TO DO. Transcribe word for word the lines below from the line with "Haier LE46D10F user" through the line with "Aqua Design Neck", ends included.

DATASET RECORDS.
──────────

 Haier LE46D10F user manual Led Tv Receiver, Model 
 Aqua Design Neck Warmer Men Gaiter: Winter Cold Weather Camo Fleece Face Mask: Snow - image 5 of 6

──────────

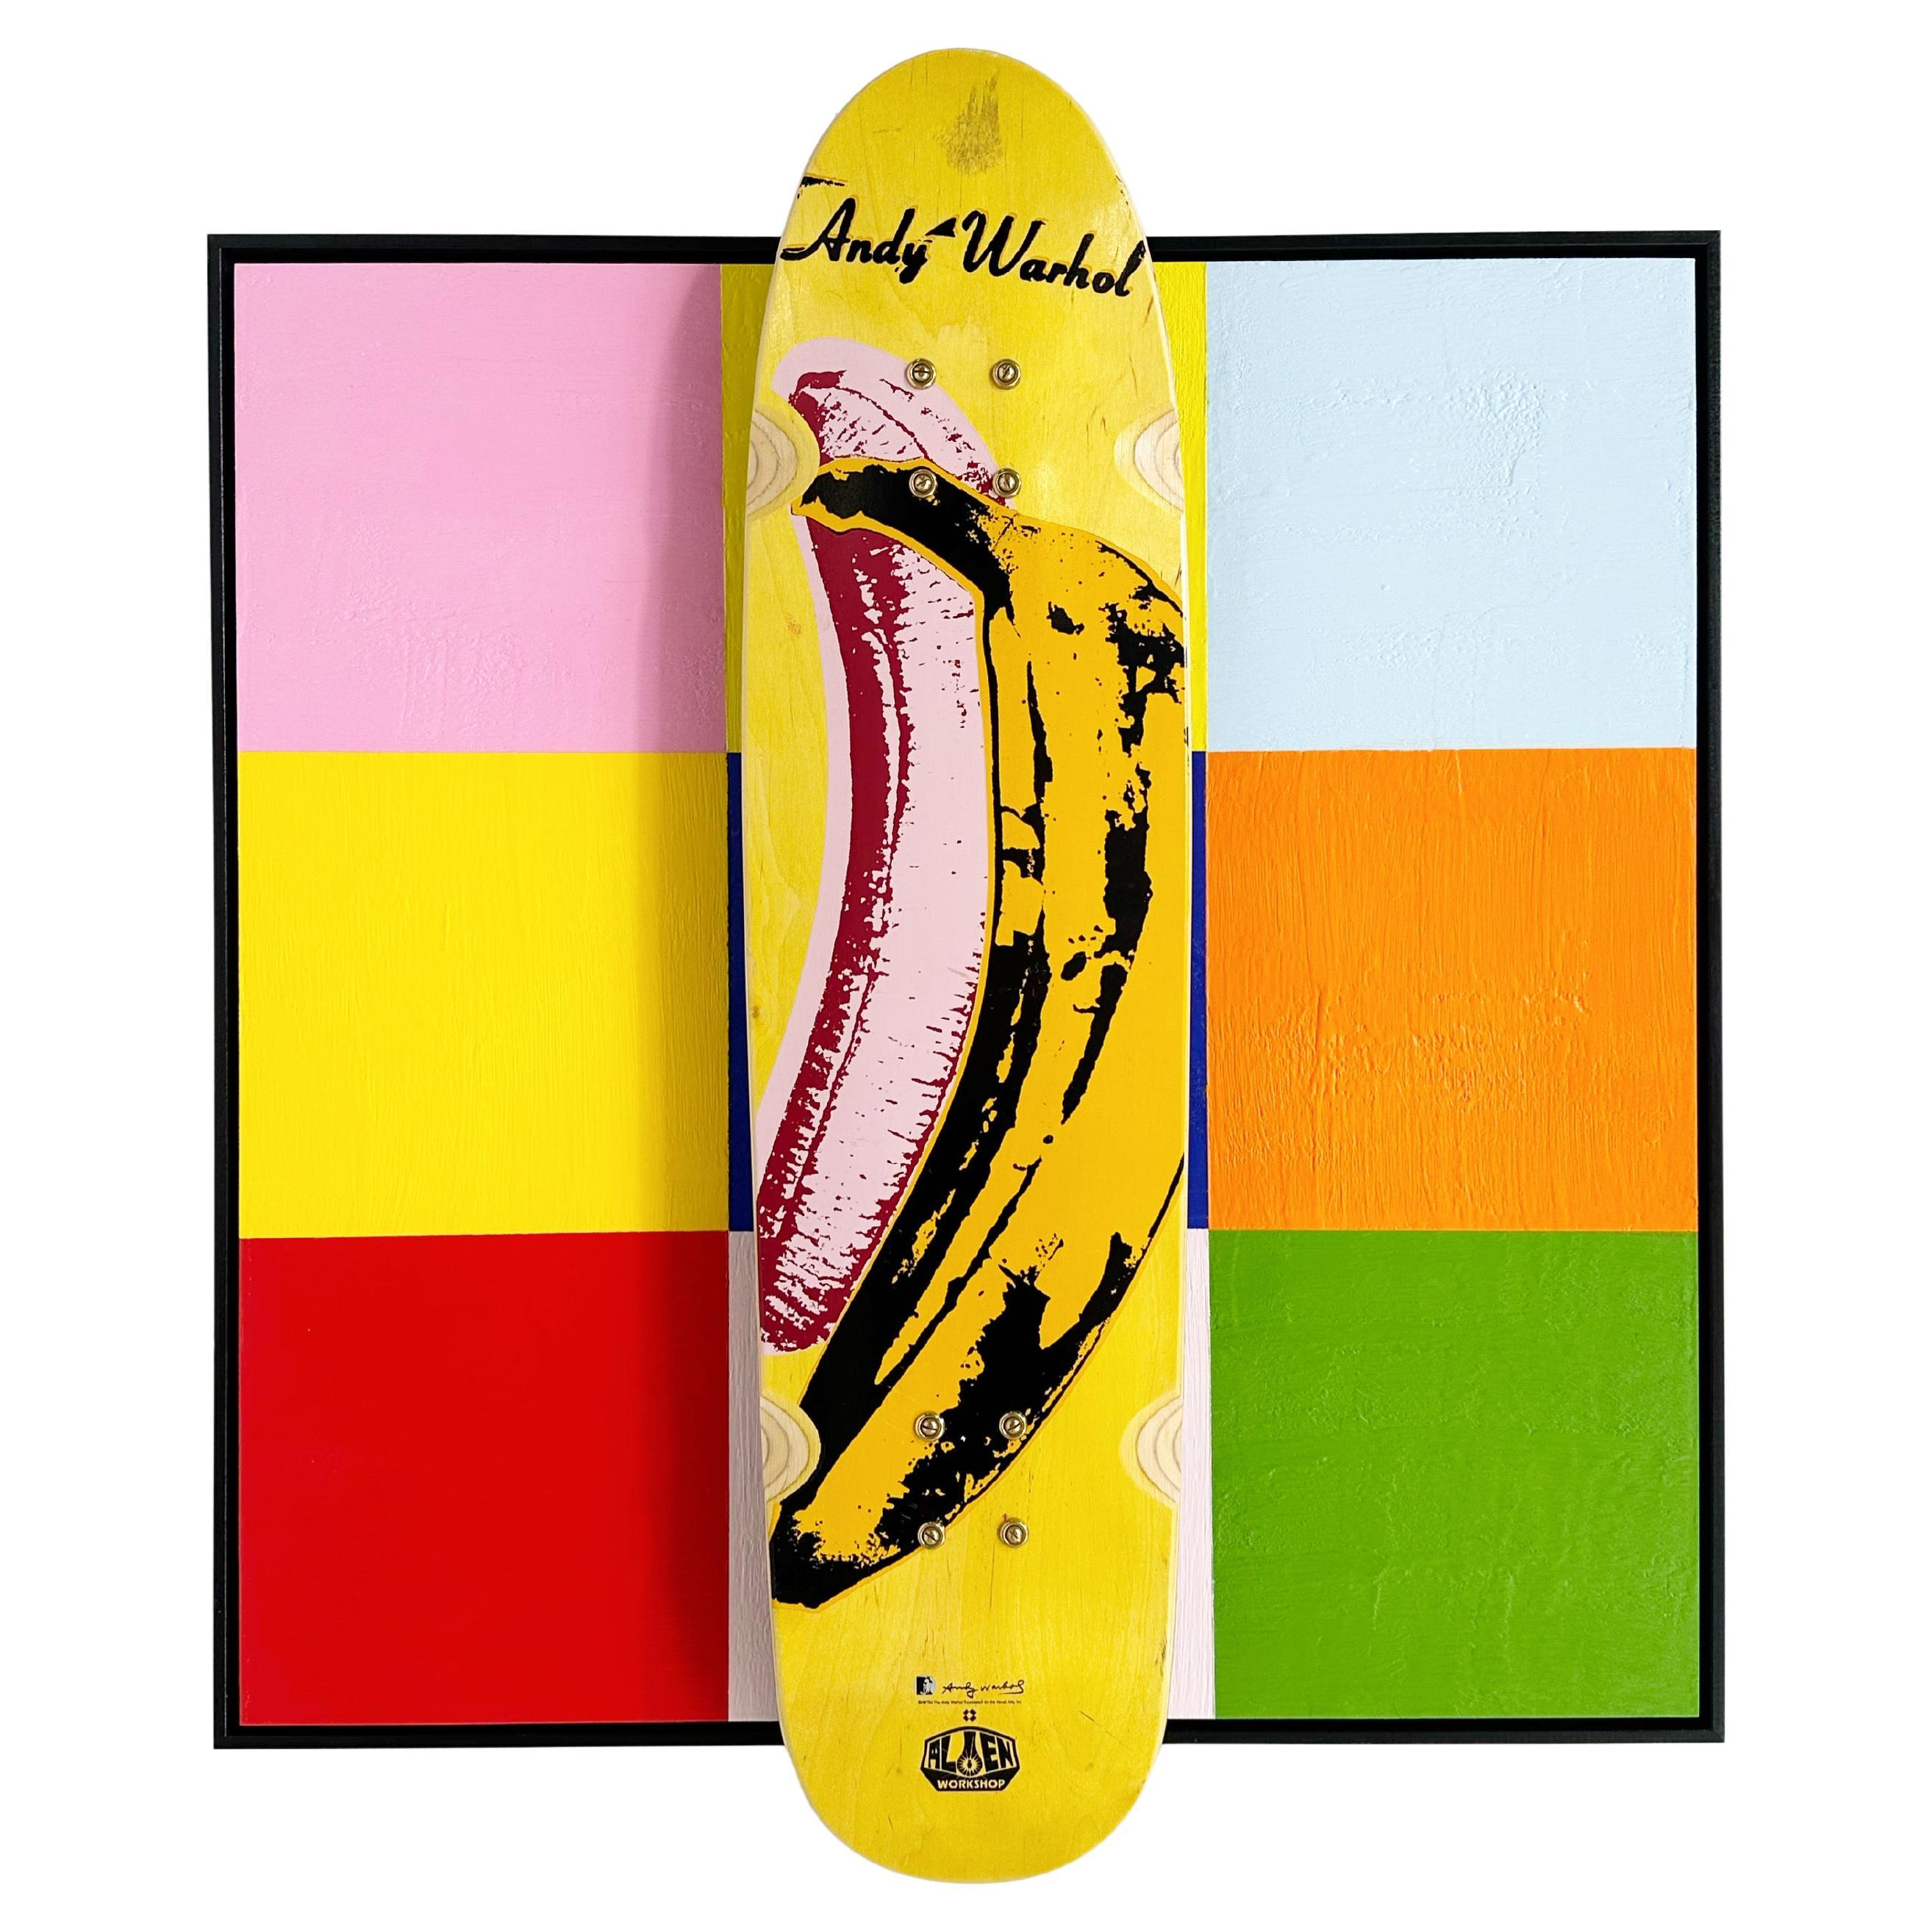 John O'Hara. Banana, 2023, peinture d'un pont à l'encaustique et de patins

──────────

ANSWER TO THIS EXERCISE.
 Haier LE46D10F user manual Led Tv Receiver, Model 
 Aqua Design Neck Warmer Men Gaiter: Winter Cold Weather Camo Fleece Face Mask: Snow - image 5 of 6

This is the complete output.